Changes in docs related to hybrid search

Okay, so i have a use case, which involves implementing hybrid search. Now previously, i implemented hybrid search using llama-index(docs llamaindex ai/en/stable/examples/vector_stores/PineconeIndexDemo-Hybrid/) and pinecone as the vector DB. Now the index that was created was of Dense type on Pinecone. Now because i used llama-index, i didn’t really had much control or know what was happening apart from specifying dense and sparse embeddings model (the sparse embedding model i used was prithivida/Splade_PP_en_v1). Now the thing is, i am looking to build custom, without using Llama-index. I saw the docs from the two URLs below:

– Now the thing is, I am now getting the impression, that i have to create two different indexes (sparse and dense) on pinecone and then query them. Now I couldn’t find any resource on how to combine this, if you have any relevant documentation, please have it shared with me. One more thing is that i checked out all the three notebooks in this URL:

  • github com/pinecone-io/examples/tree/master/learn/search/hybrid-search
    but this combines both the sparse and dense vectors in a single index. So i am still curious and confused on how to combine both of the results if i use two different indexes(sparse index and vector index). Or should I proceed with the method presented in these notebooks. Another thing i noticed is, that now while creating an index on Pinecone(dashboard), I specifically need to mention if the vectors are of sparse or dense type, which means either the approach mentioned in these notebooks are deprecated or maybe not, I dont know. Please clear up this confusion. I will be really thankful to you guys. Also, if you need anymore information from my end, i will be more then happy to provide, if that results in resolving my issue. Thanks

Hi @saadk8 - Thank you for reaching out and pointing out some of the confusion in our documentation and notebooks! We’re working to get this straightened out.

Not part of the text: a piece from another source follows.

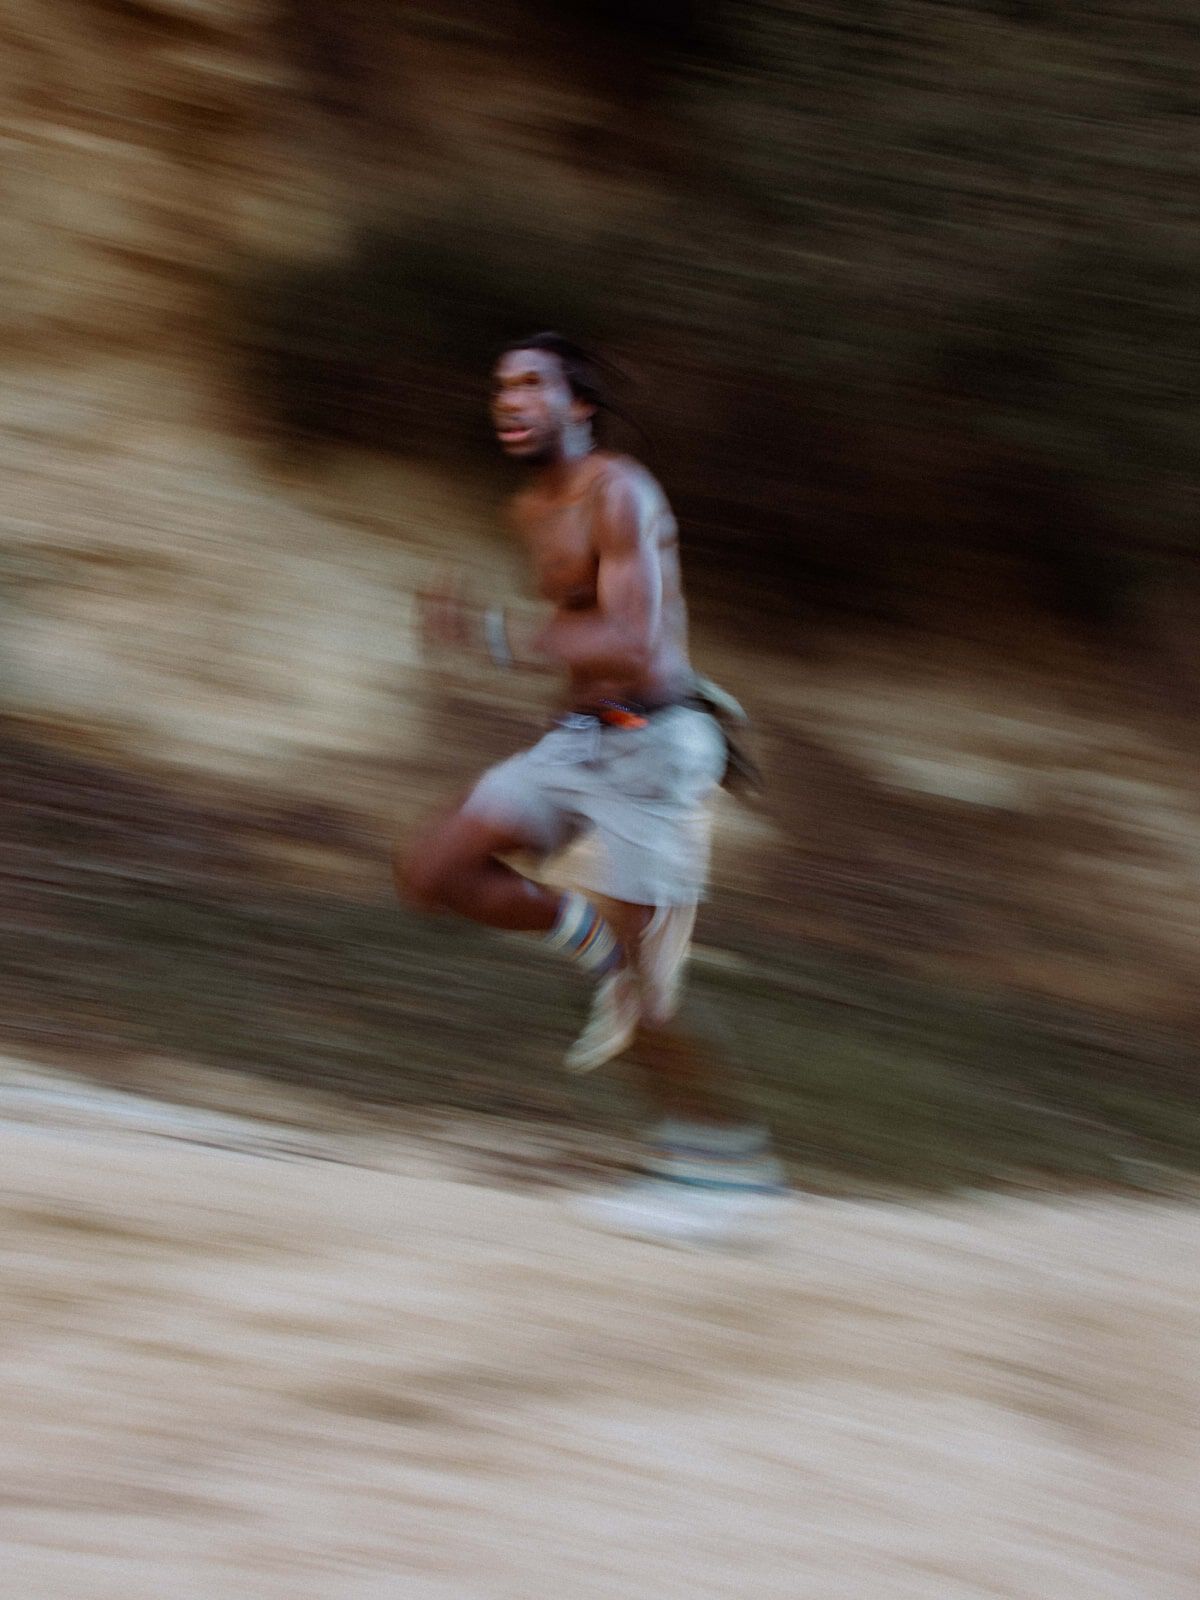 Blurry image of person running

In the meantime, I would suggest approaching this with two separate indexes - a sparse index and a dense index. You’re right in that you’d have to search each independently, rerank, merge, de-duplicate. However this approach, with two indexes, gives you the most flexibility and control long-term. You could add keyword search to an existing workload, leaving the dense-only index and adding records to a sparse-only index. You can review how querying is done in this code example.

It is possible to do a single sparse-dense index as you were doing previously, by creating both the sparse and dense embeddings separately and then upserting them together into a dense index but we recommend the two index approach.